Abstract: In a dynamic economy, we characterize the fiscal policy of the government when it levies distortionary taxes and issues defaultable bonds to finance its stochastic expenditure. Default may occur in equilibrium as it prevents the government from incurring in future tax distortions that would come along with the service of the debt. Households anticipate the possibility of default generating endogenous credit limits. These limits hinder the government's ability to smooth taxes using debt, implying more volatile and less serially correlated fiscal policies, higher borrowing costs and lower levels of indebtedness. In order to exit temporary financial autarky following a default event, the government has to repay a random fraction of the defaulted debt. We show that the optimal fiscal and renegotiation policies have implications aligned with the data.

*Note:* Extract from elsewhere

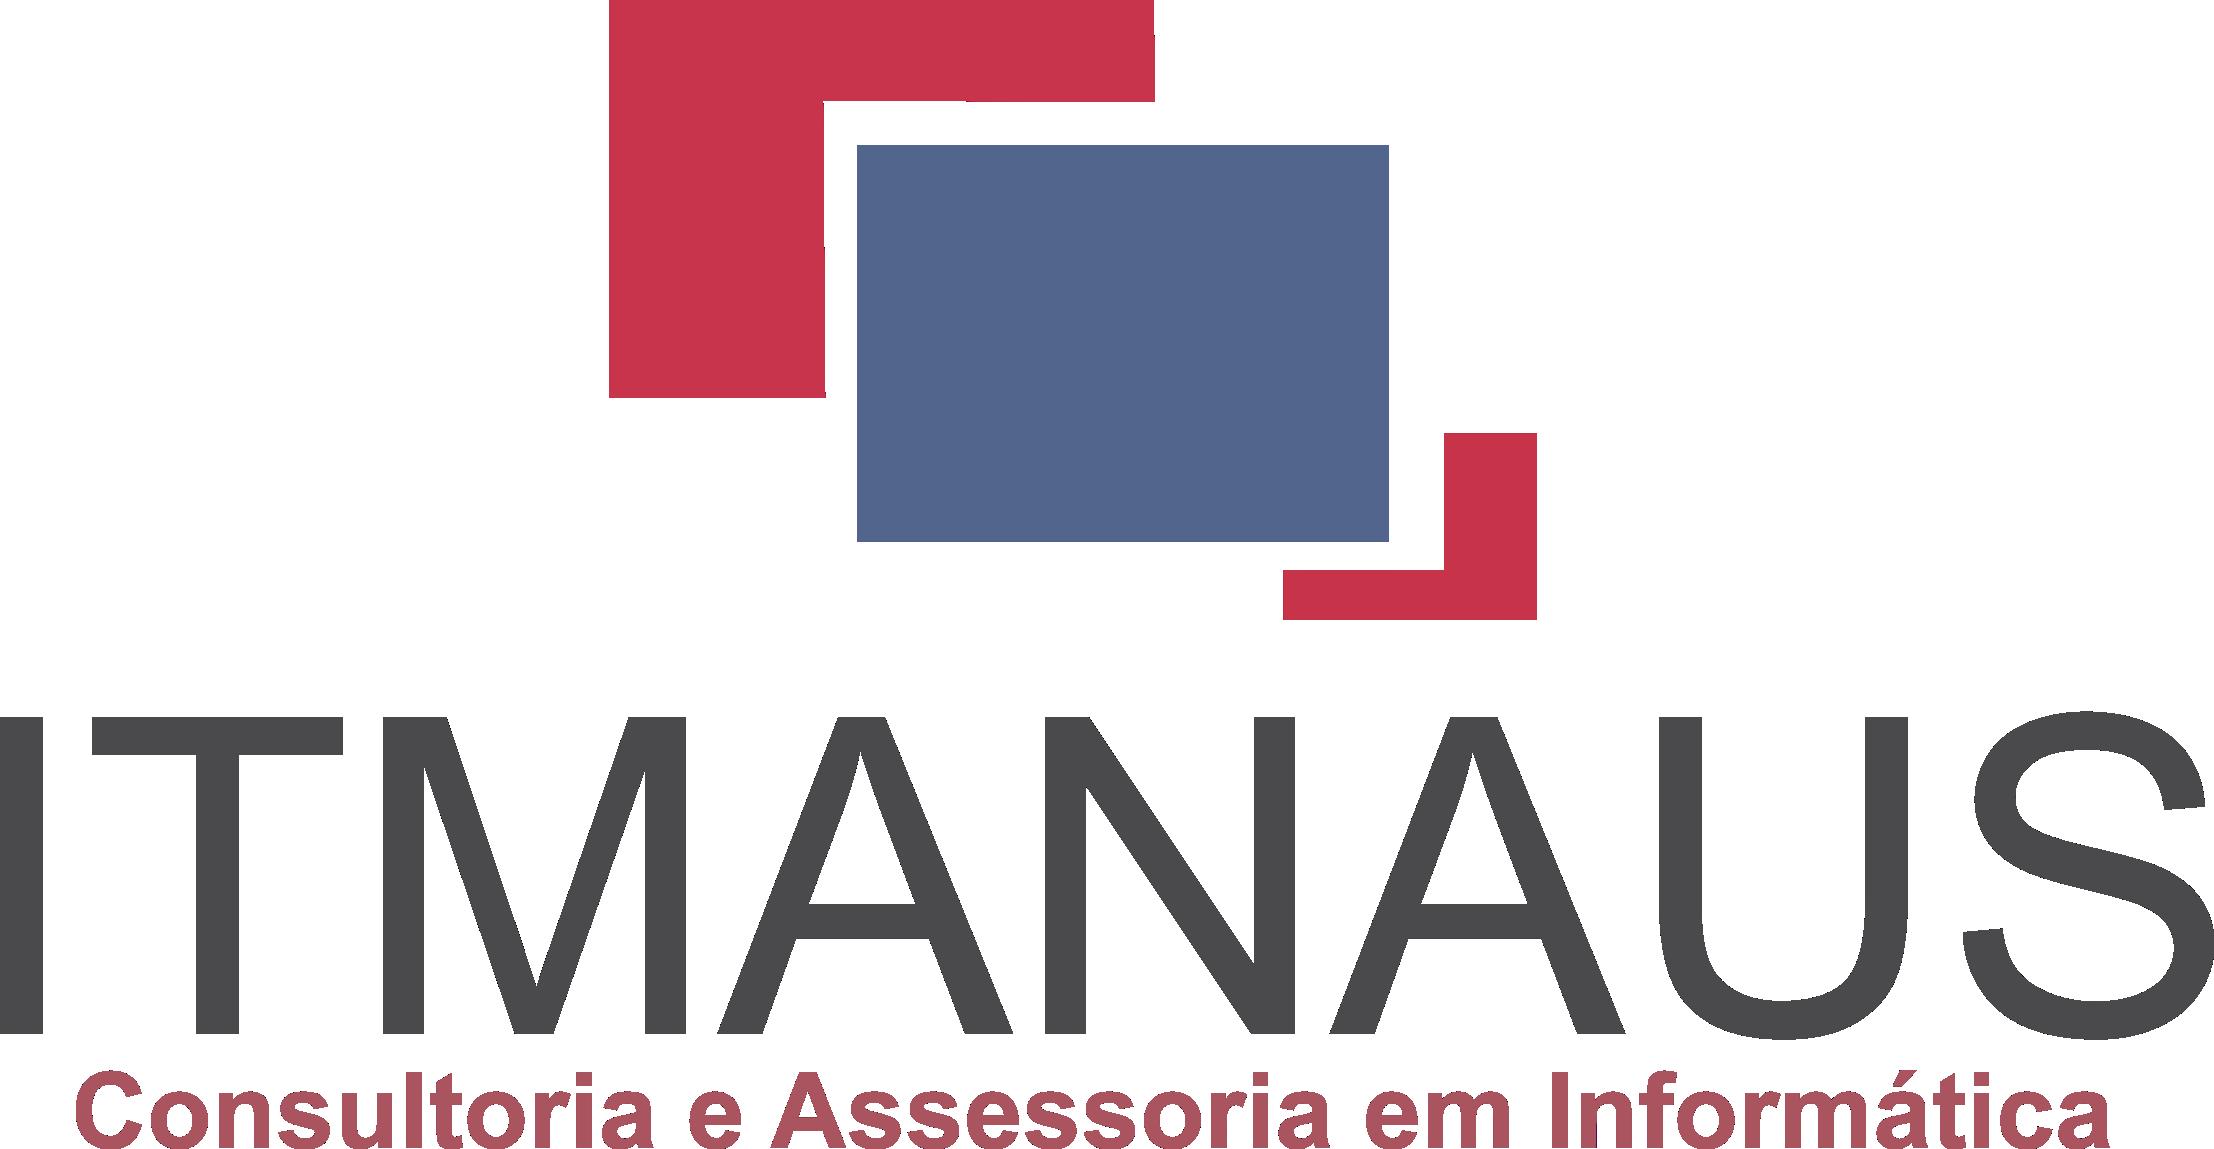 Itmanaus - Consultoria e Assessoria de Informatica
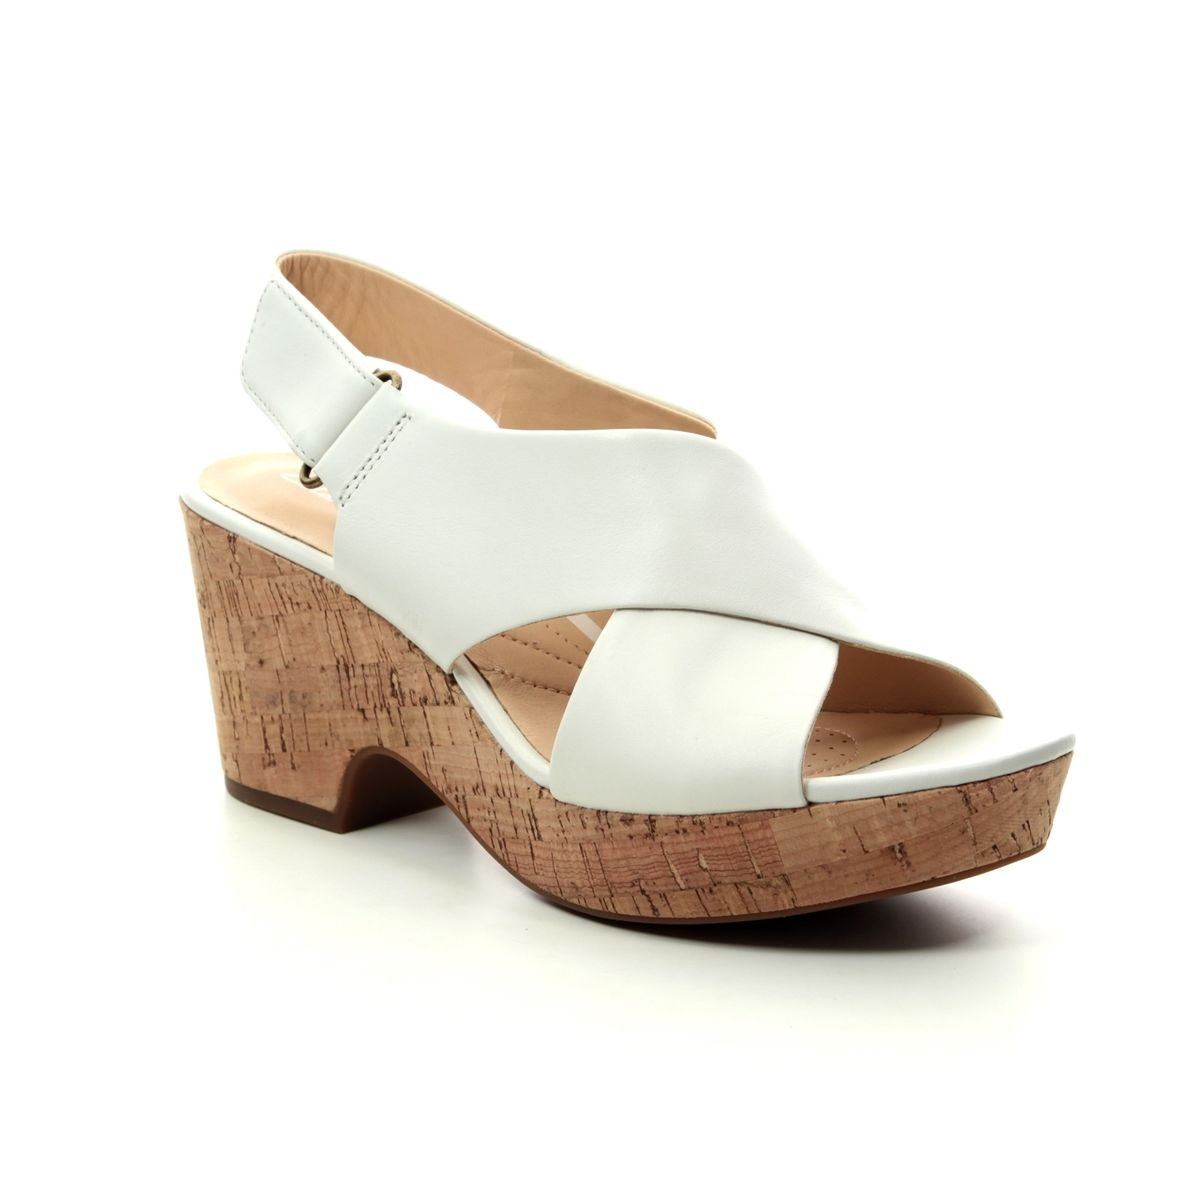 35a5bf709b9 Clarks Wedge Sandals - White - 413754D MARITSA LARA

Non-Active Working Papers:

“Learning foundation and equilibrium selection in voting environments with private information”,
with Ignacio Esponda. Updated: January 25, 2012. { pdf } This paper is obsolete, mostly incorporated in the papers "Conditional Retrospective Voting in Large Elections" and "Retrospective Voting and Party Polarization"

Abstract: We use a dynamic learning model to investigate different behavioral assumptions in voting environments with private information. We show that a simple rule, where players learn based on the outcomes of past elections in which they were pivotal but requires no prior knowledge of the payoff structure or of the rules followed by other players, provides a foundation for Nash equilibrium. In contrast, a rule where voters learn from all past elections provides a foundation for a new notion of naive voting where players vote sincerely but have endogenously-determined beliefs. Finally, we use the model to select among multiple equilibria in the jury model. We find that the well-known result that elections aggregate information under Nash equilibrium relies on the selection of symmetric equilibria which are unstable. Nevertheless, we show that there exist (possibly asymmetric) Nash equilibria that are asymptotically stable and aggregate information.